Work order:
When writing out the entries below, keep only the lines from the line with "Bar Code For" to the line with "VTG Hand Painted", both included, exactly as they are, and leave the pictures aside.

Data for this task:
===============
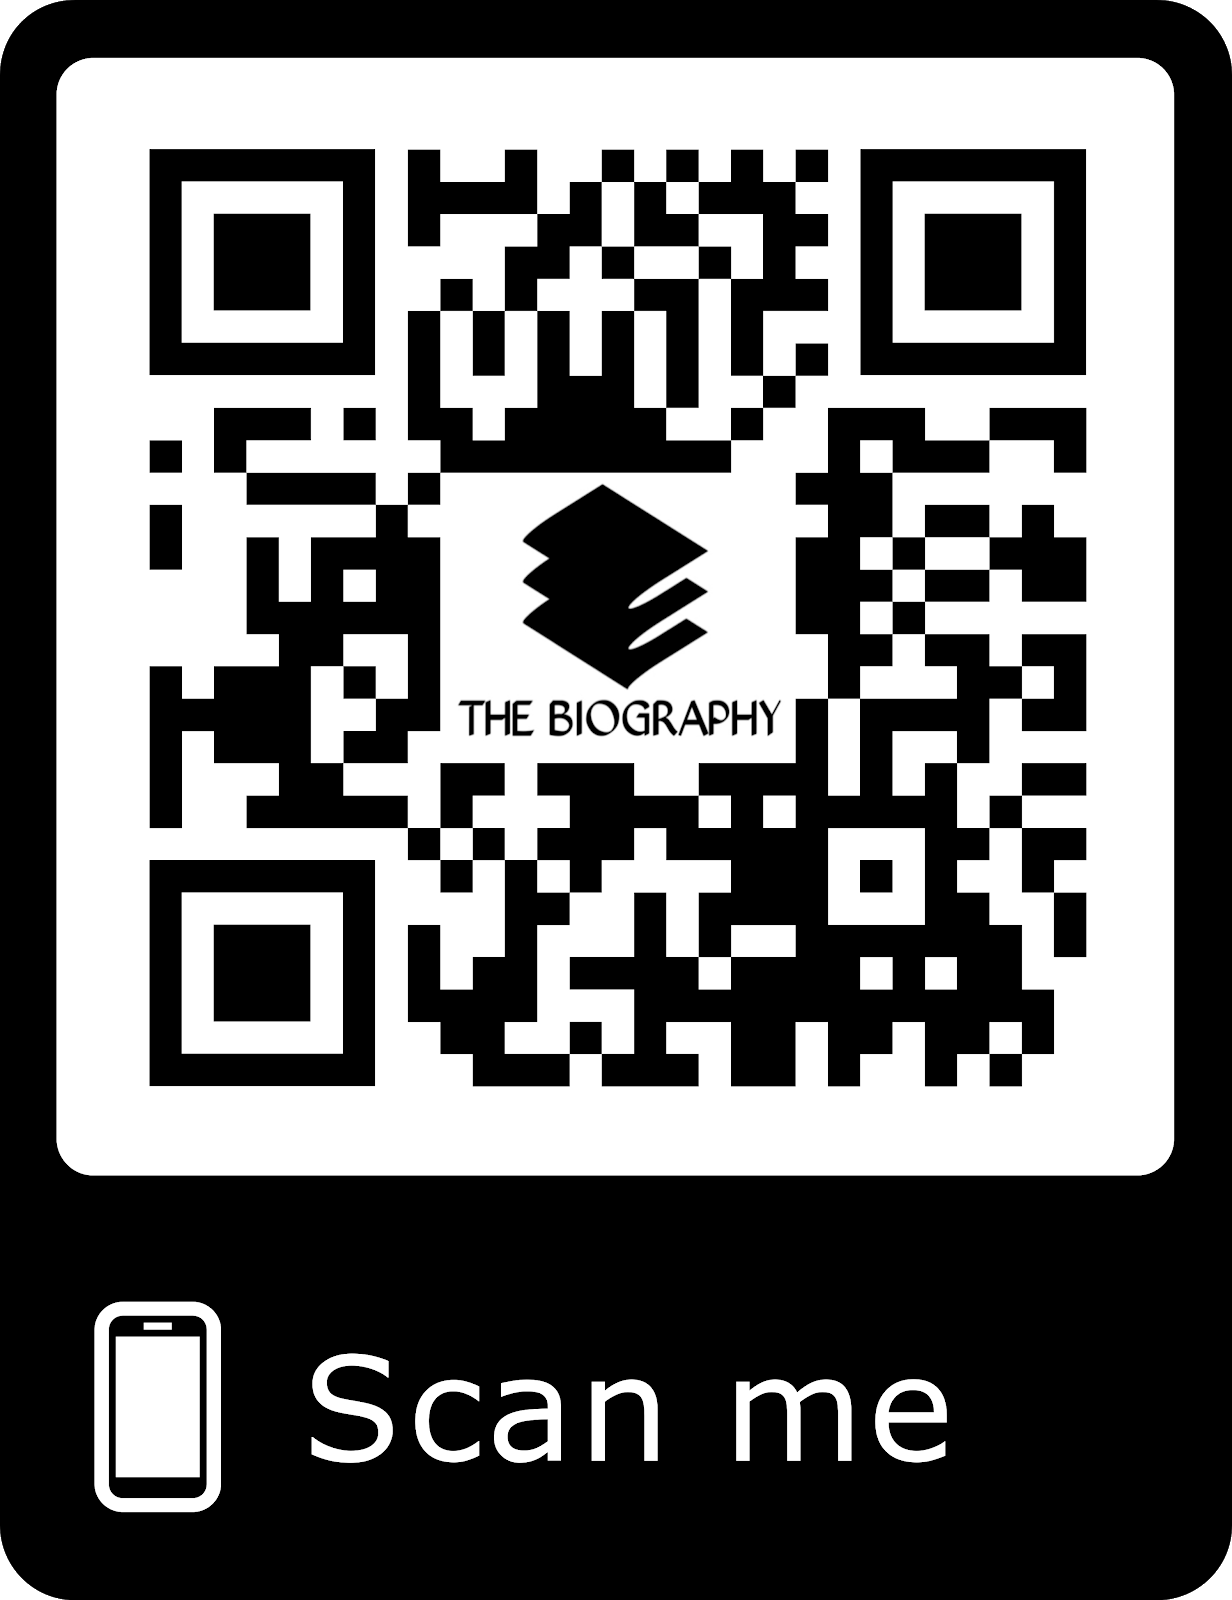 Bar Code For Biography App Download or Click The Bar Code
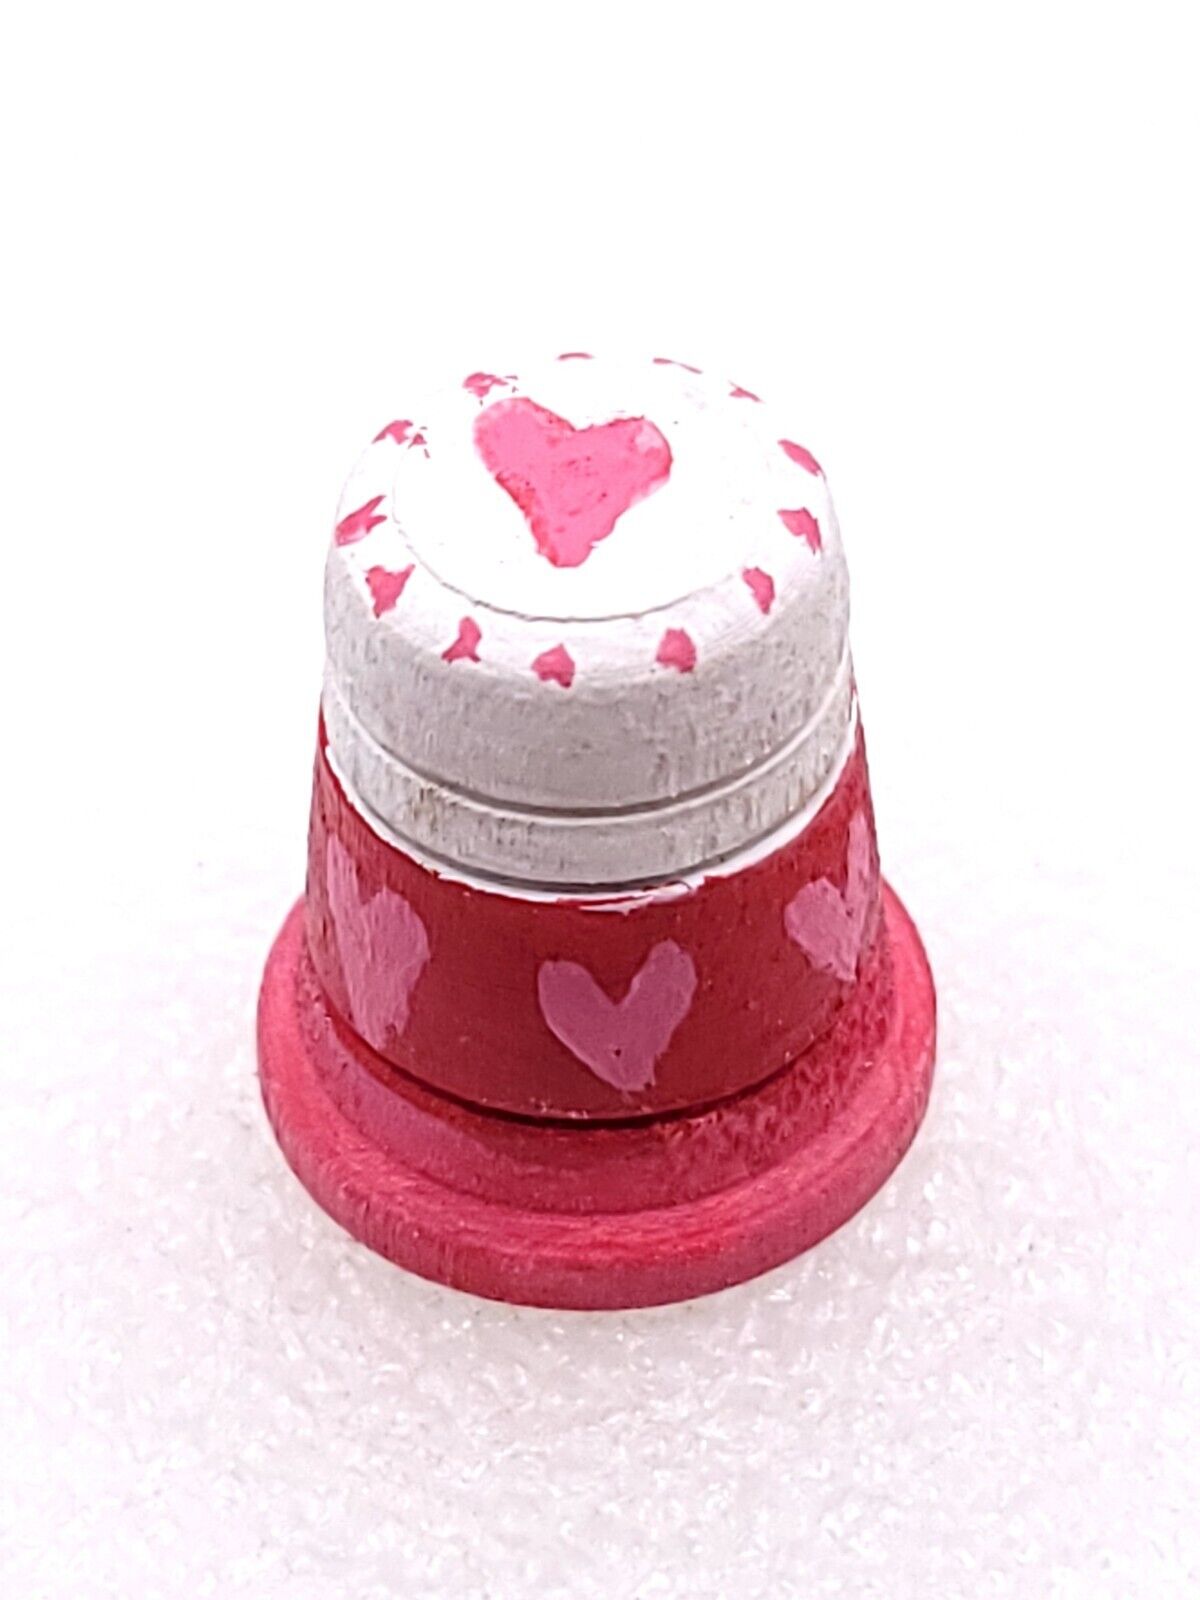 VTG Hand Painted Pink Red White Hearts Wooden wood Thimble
===============
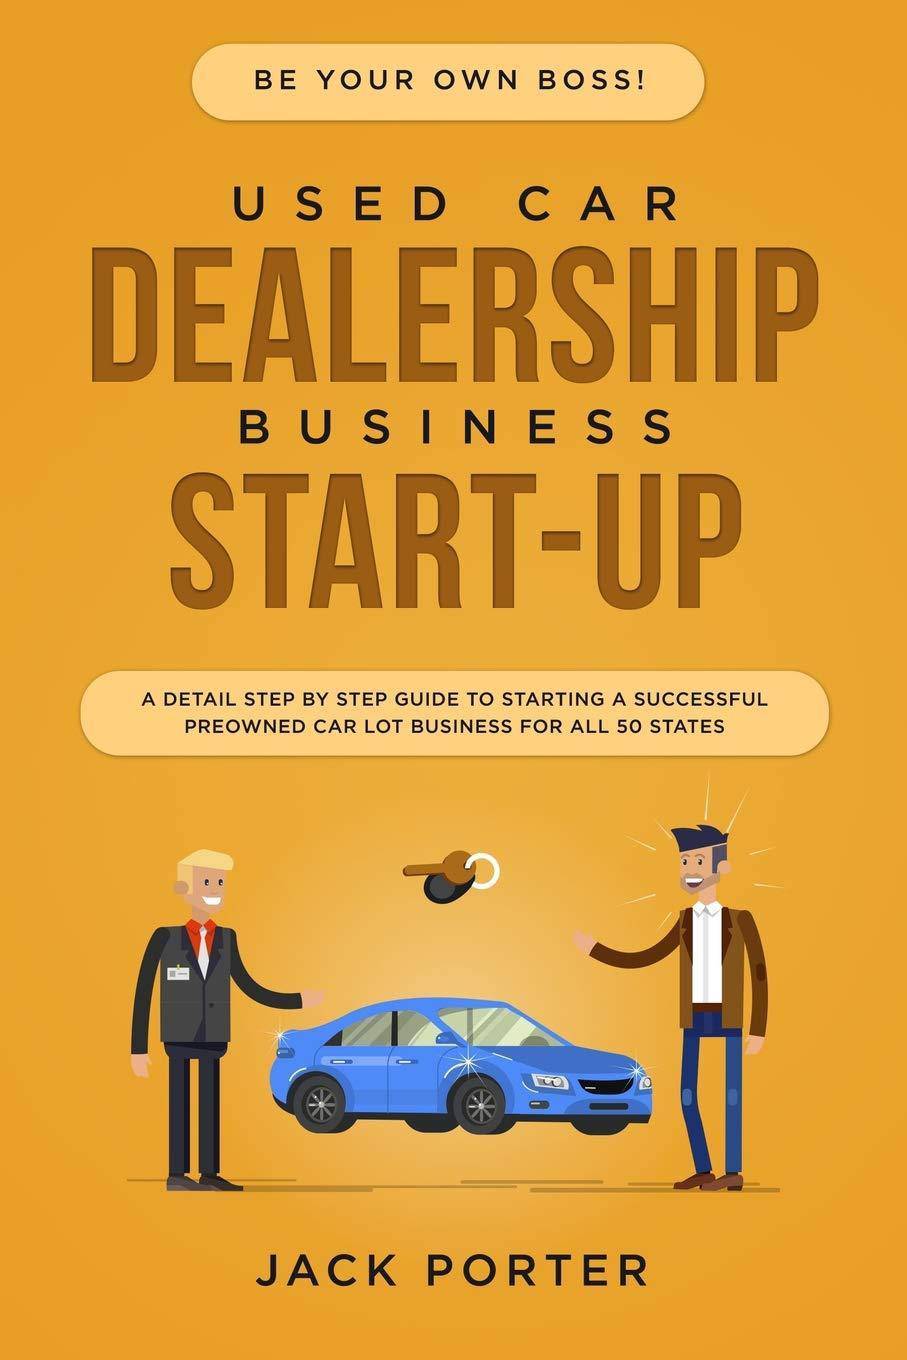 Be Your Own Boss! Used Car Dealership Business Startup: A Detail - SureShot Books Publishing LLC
===============
Result below:
 Bar Code For Biography App Download or Click The Bar Code
 VTG Hand Painted Pink Red White Hearts Wooden wood Thimble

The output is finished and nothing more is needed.